> **Supplied information**:
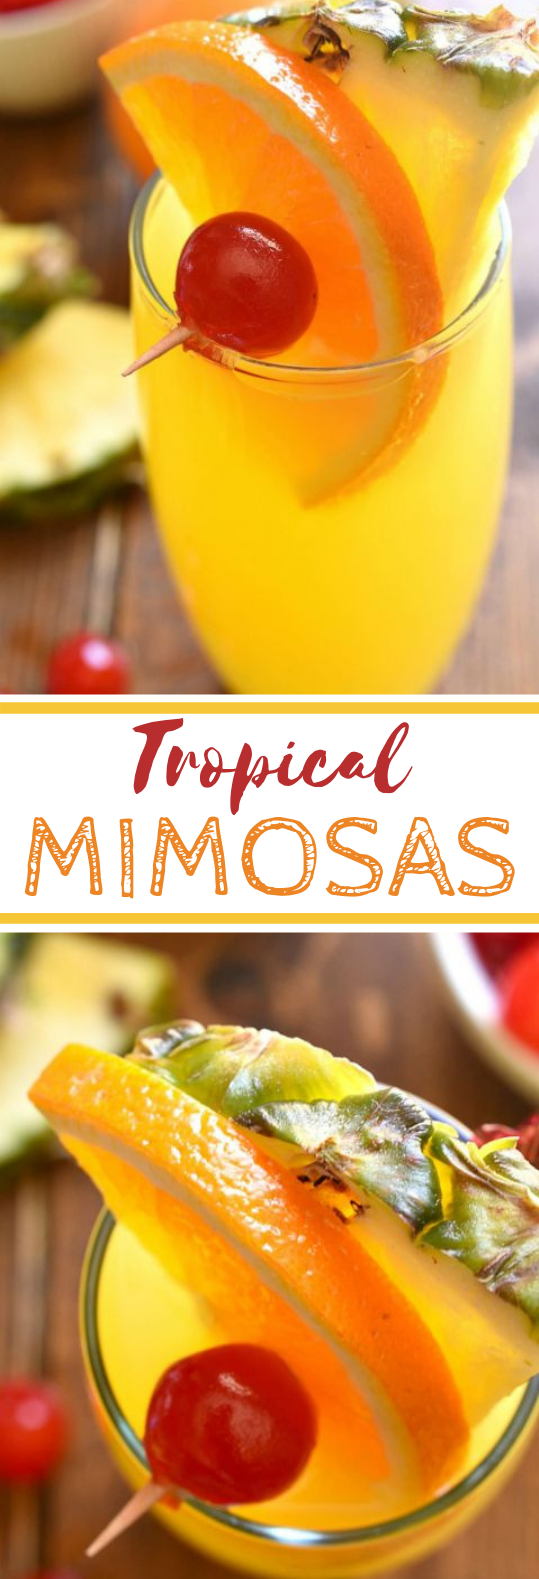 Tropical Mimosas #drink #cocktail
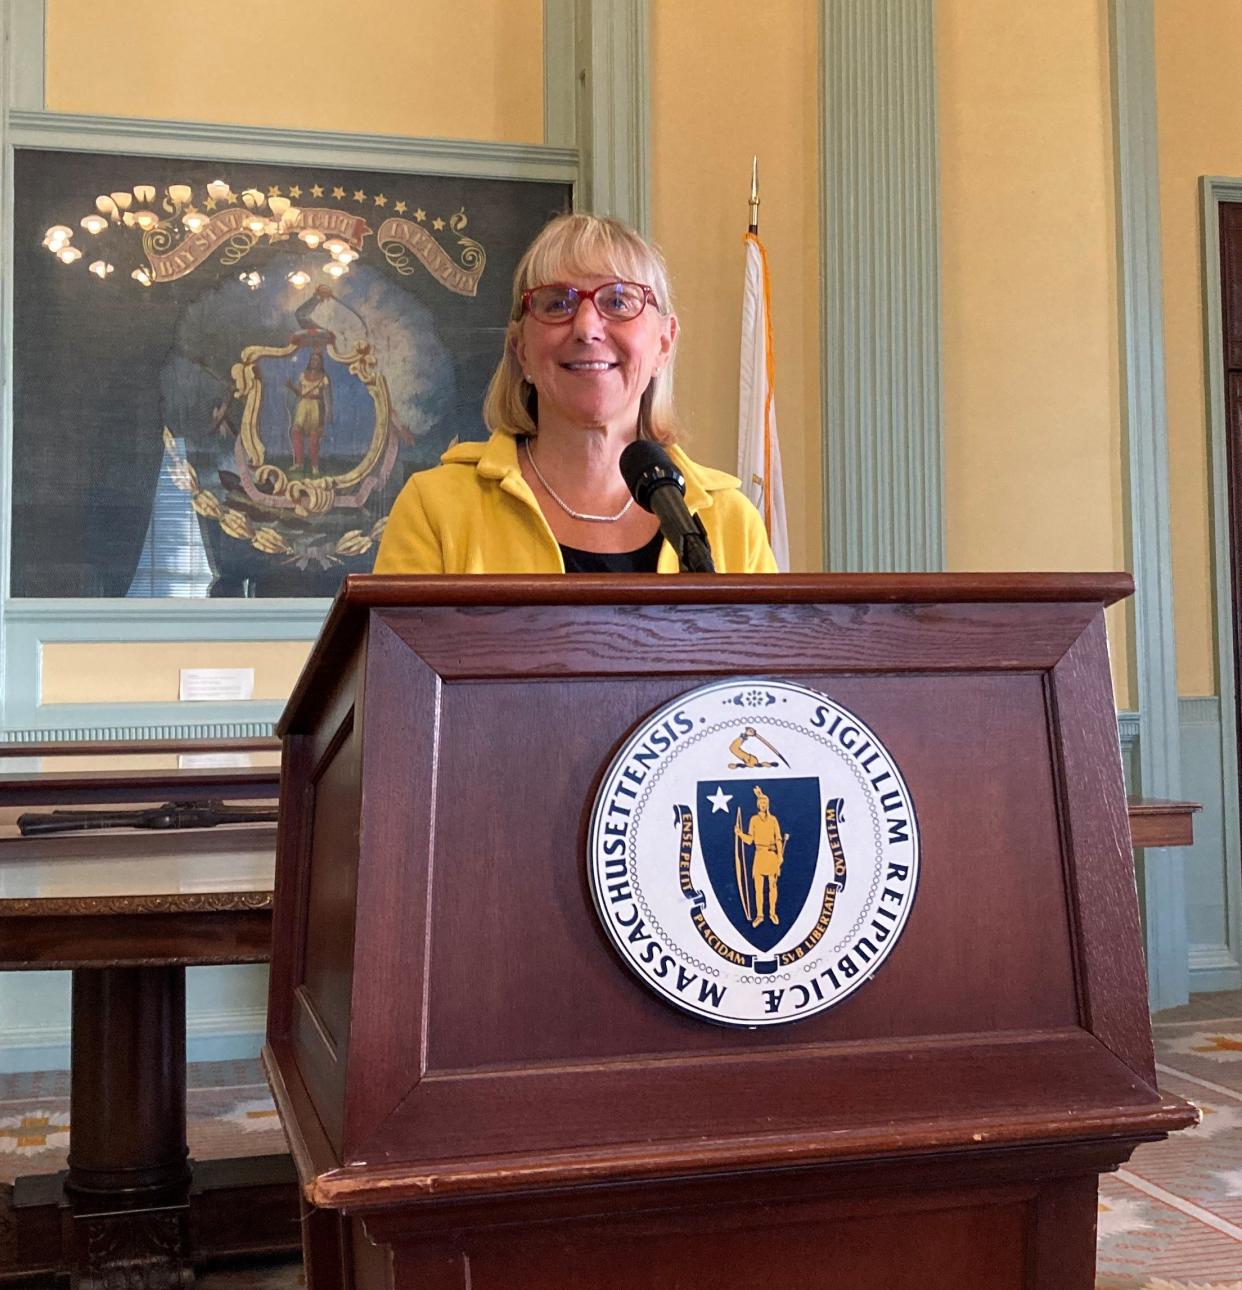 Senate President Karen Spilka, D-Ashland, announces the unanimous passage of a bill to make feminine hygiene products available for free in selected publicly supported bathrooms on Thursday.
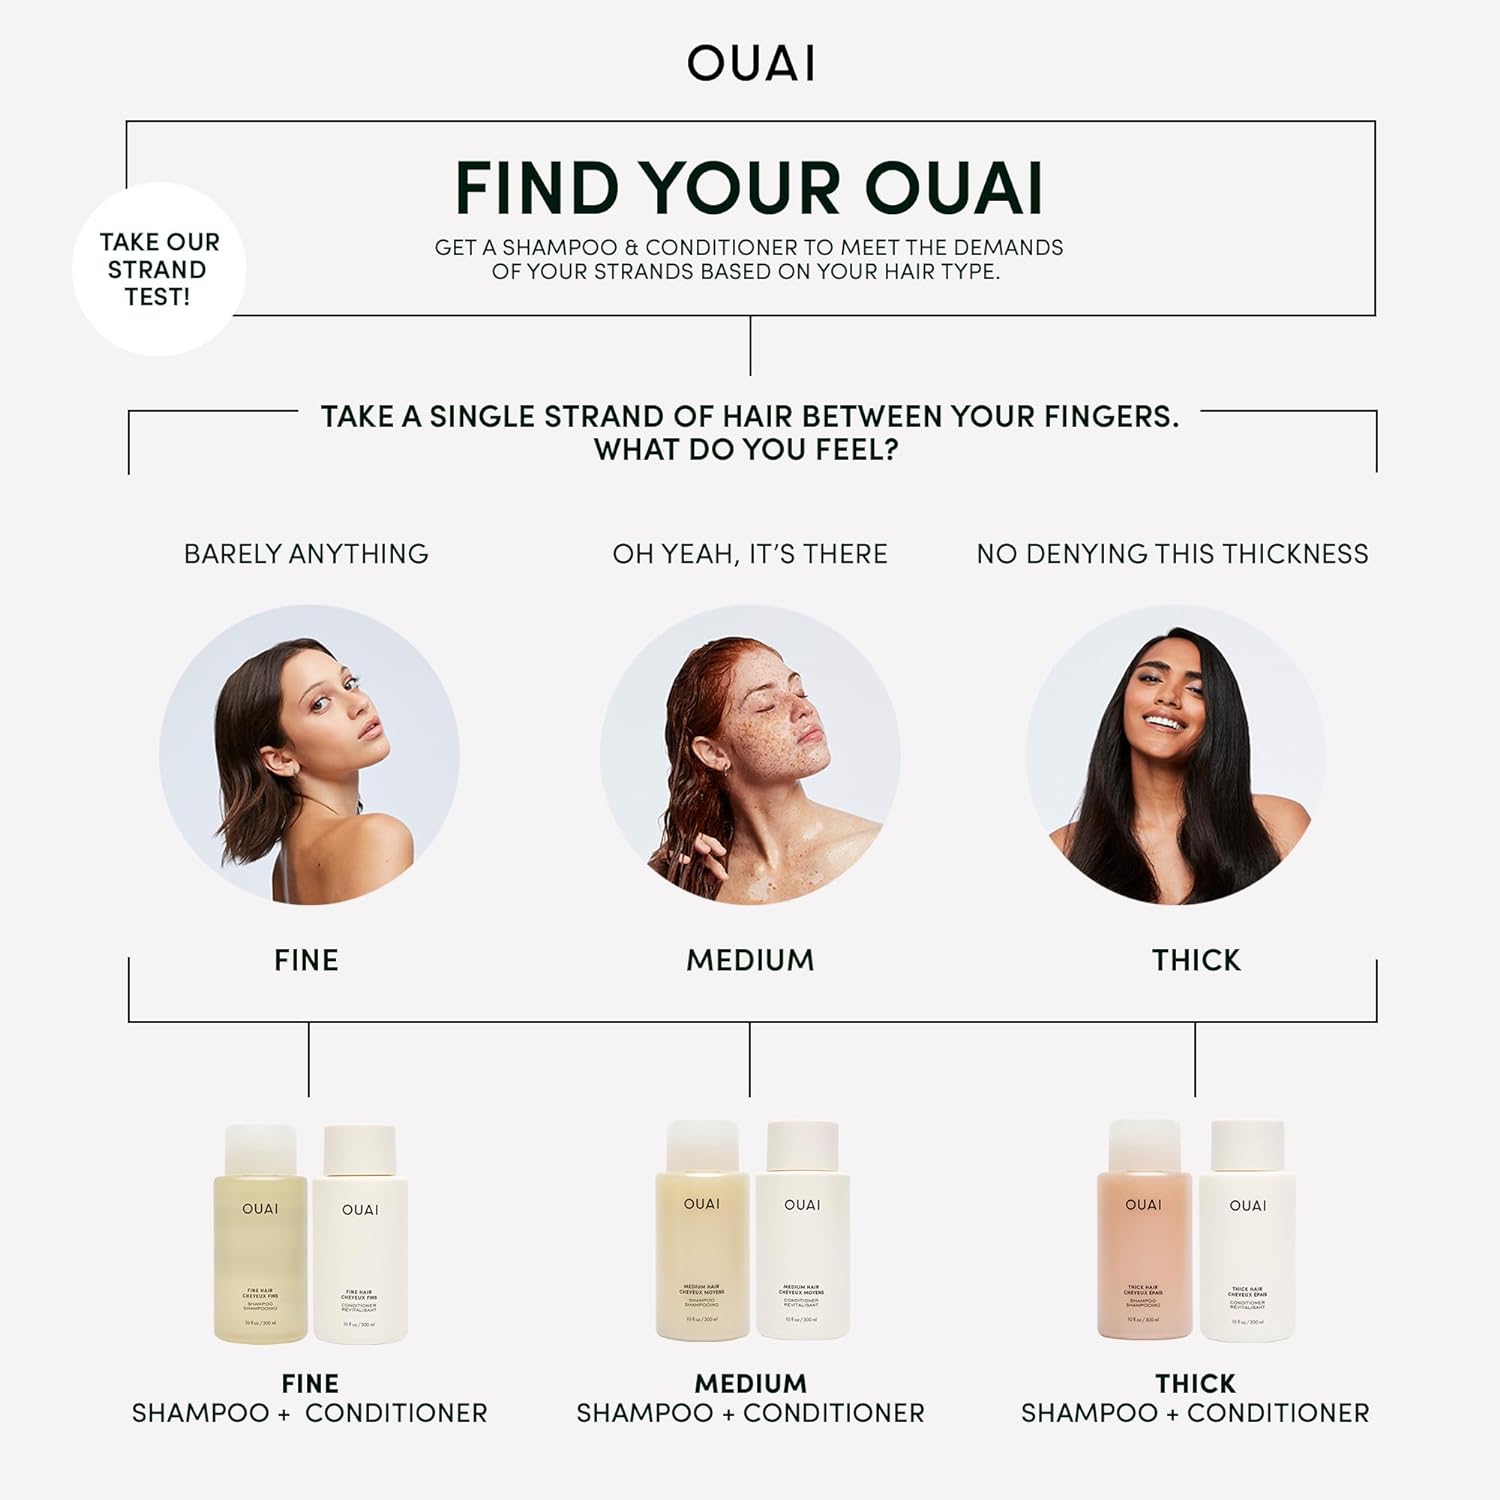 OUAI Medium Hair Bundle - Conditioner, Shampoo & Hair Treatment Masque Formulated with With Shea Butter, Keratin and Panthenol - Paraben, Phthalate and Sulfate Free Hair Care (10 Oz/10 Oz/8 Fl Oz) : Beauty & Personal Care

> **Requirement**:
The data needs to be reproduced exactly, please, apart from its pictures.

> **Written answer**:
 Tropical Mimosas #drink #cocktail
 Senate President Karen Spilka, D-Ashland, announces the unanimous passage of a bill to make feminine hygiene products available for free in selected publicly supported bathrooms on Thursday.
 OUAI Medium Hair Bundle - Conditioner, Shampoo & Hair Treatment Masque Formulated with With Shea Butter, Keratin and Panthenol - Paraben, Phthalate and Sulfate Free Hair Care (10 Oz/10 Oz/8 Fl Oz) : Beauty & Personal Care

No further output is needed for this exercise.